In the end, I came up with several conclusions:
1. A differential is merely a planetary gearbox, designed differently.
2. A differential is less efficient due to the bevel gears needed.
With a differential, the housing is the input, with the two sides being the outputs. A differential allows either the two sides to have the same speed and torque. It also allows torque and speed to shift to one output for the sake of turning. One of the outputs could have twice the input speed, while the other has none.
Unfortunately, with such a design, as Paul Copioli said, the power of the second ("control") motor is basically lost.
In using a differential as a gearbox, you basically put yourself back at the Thunderchicken's problems, because it behaves like a planetary transmission.

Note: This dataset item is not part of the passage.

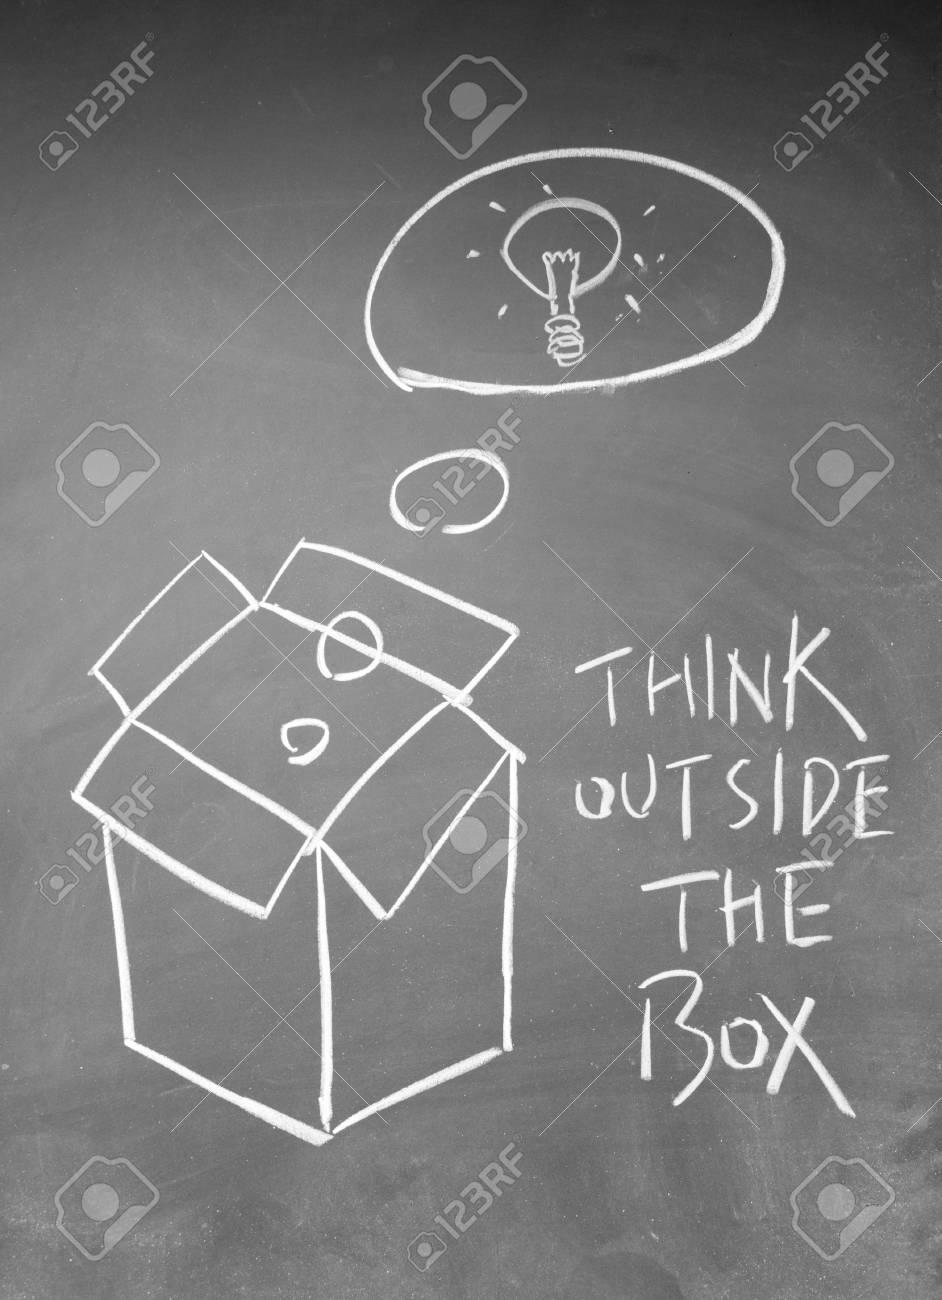 think outside the box symbol Stock Photo - 13833848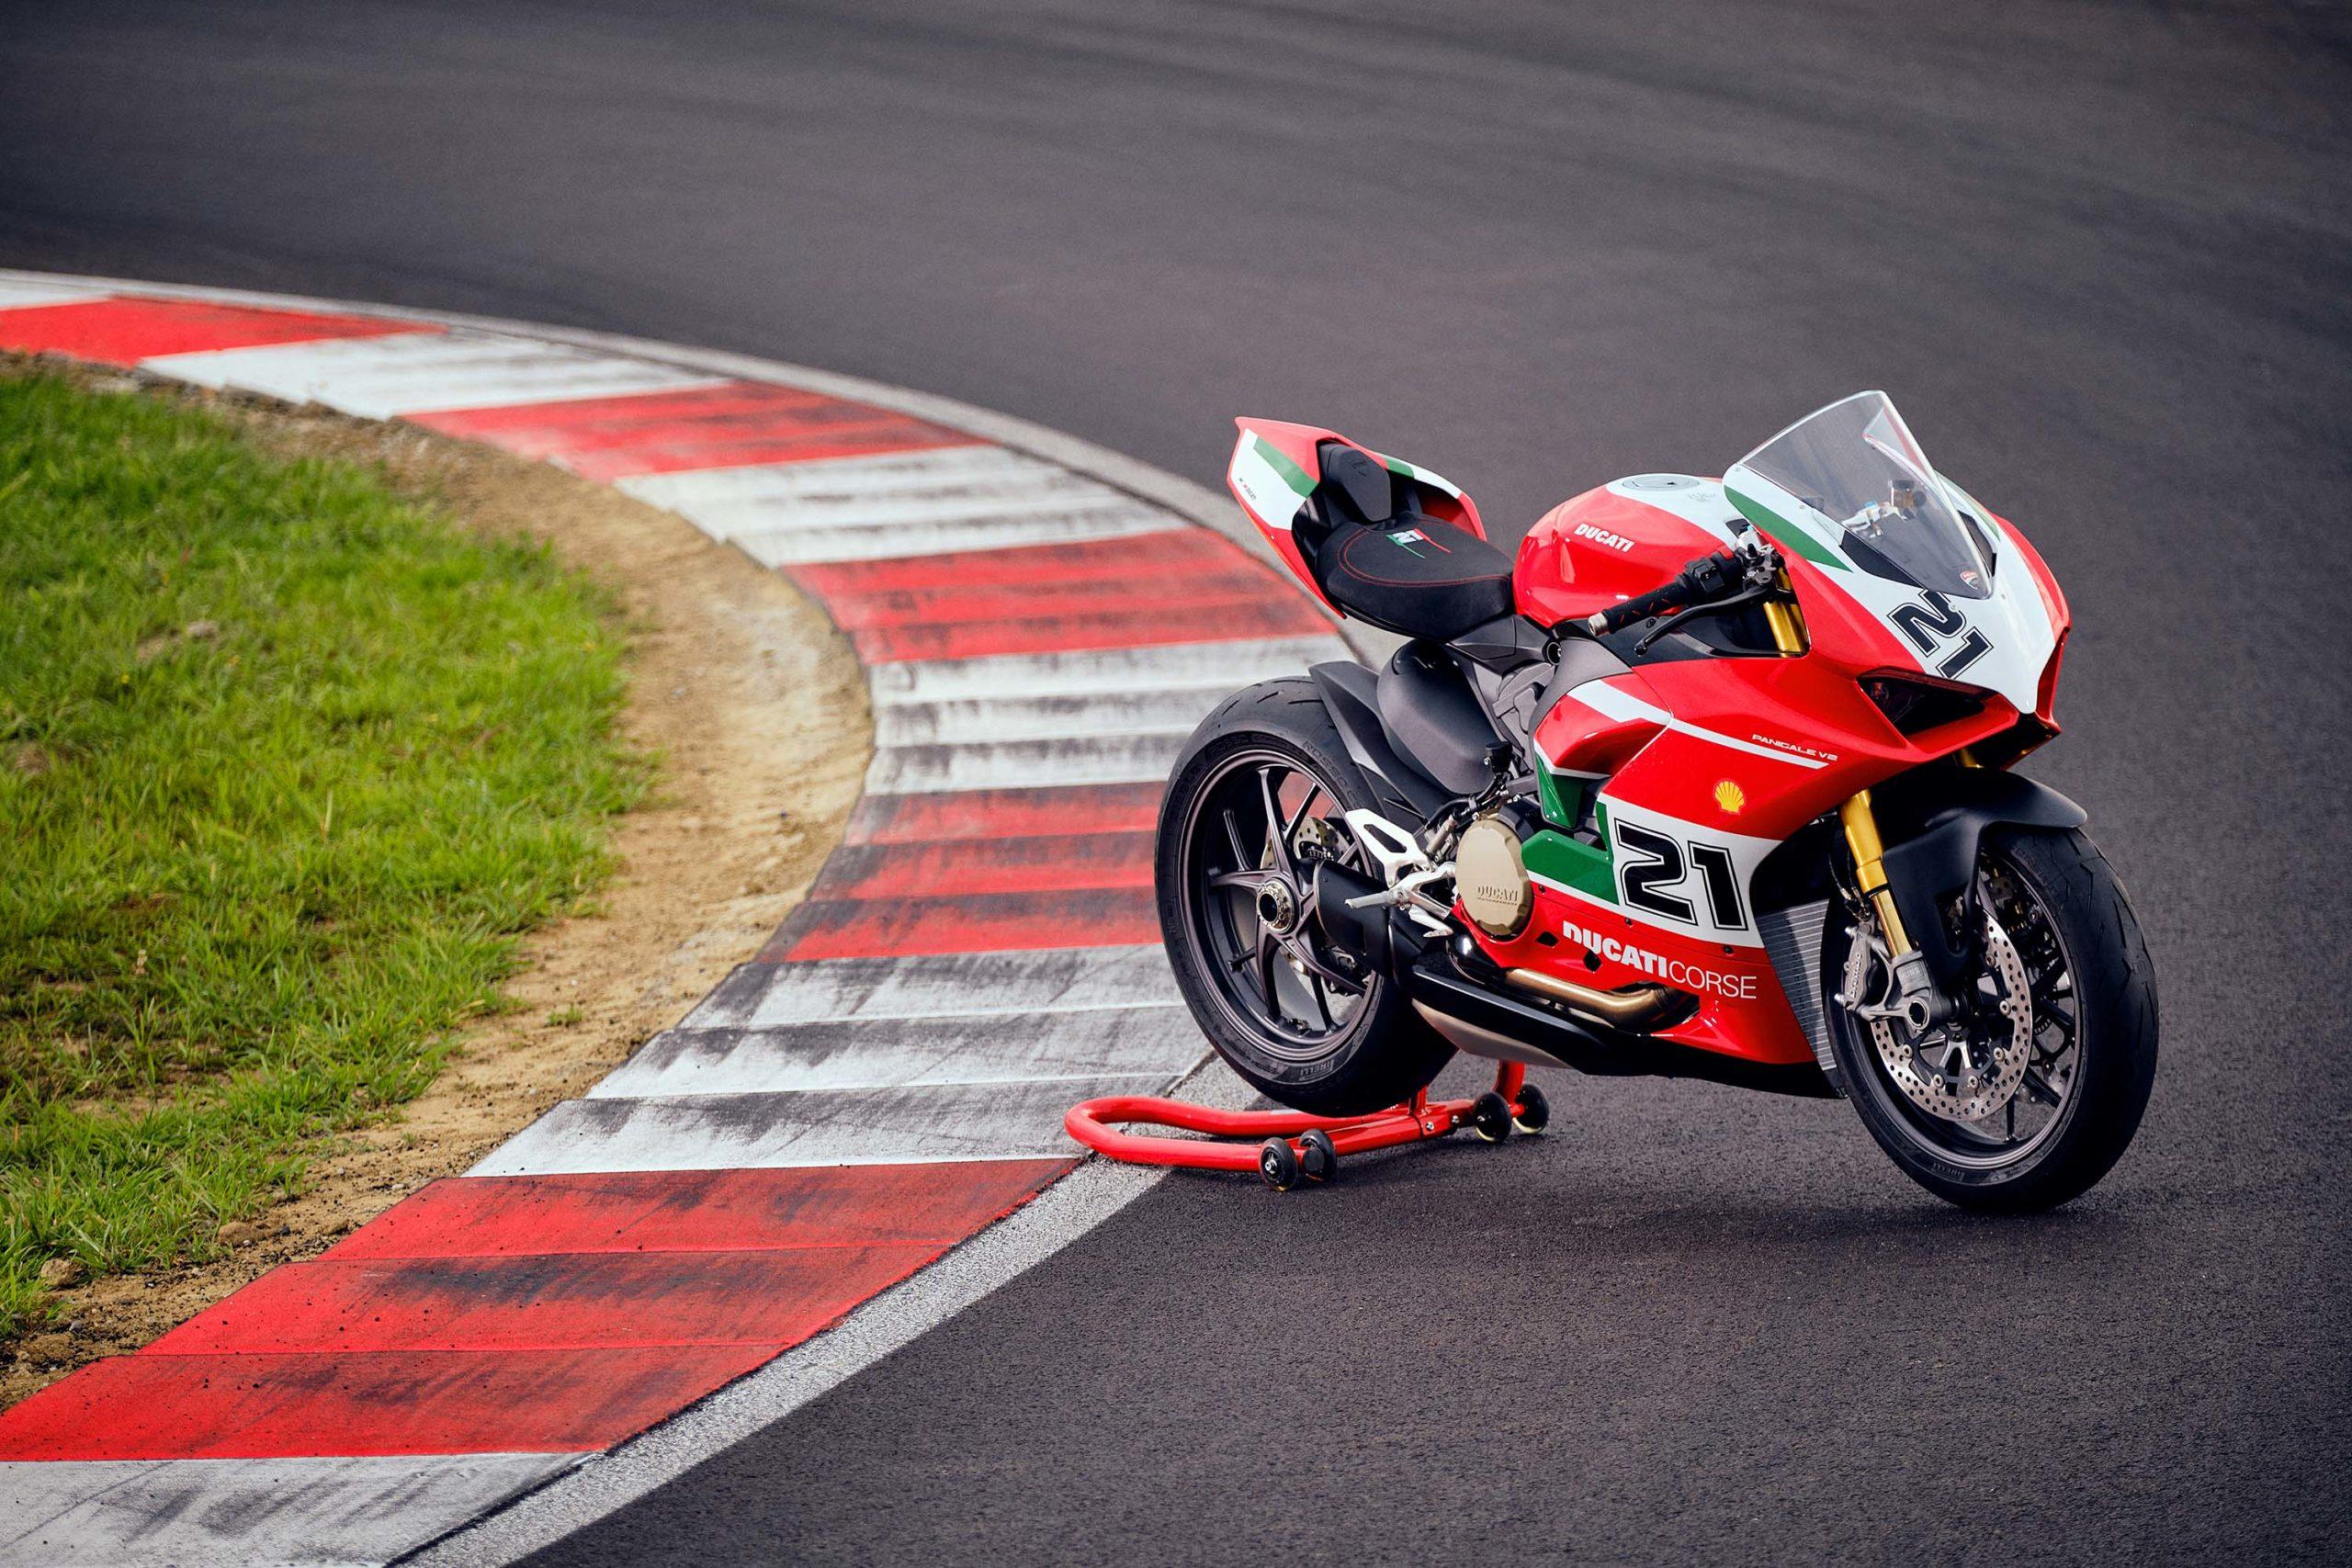 Ducati-Panigale-V4-Troy-Bayliss-57-scale

You cannot have two motors with dissimilar torque and speed characteristics hooked up without experiencing motor fighting. The motor with higher torque will stall the other motor and will win every time. The result is that your robot won't go anywhere. The only way to make such a design work is using worm gears. I then determined that the Thunderchicken's way of using the worm gears would be more efficient.
If you have two motors with similar torque and speed characteristics (or geared to match), you can, essentially, create a continuously variable gearbox similar to the Thunderchicken's CCT. Using one motor to spin the housing, and the other as a control on one of the side outputs, you can simulate a load on that output. Thus, it will behave normally as a differential, achieving a variable gear ratio anywhere from 1:1 to 1:2. The maximum torque is that of a single motor, while the maximum achievable speed is twice that of a single motor, without all the quirks.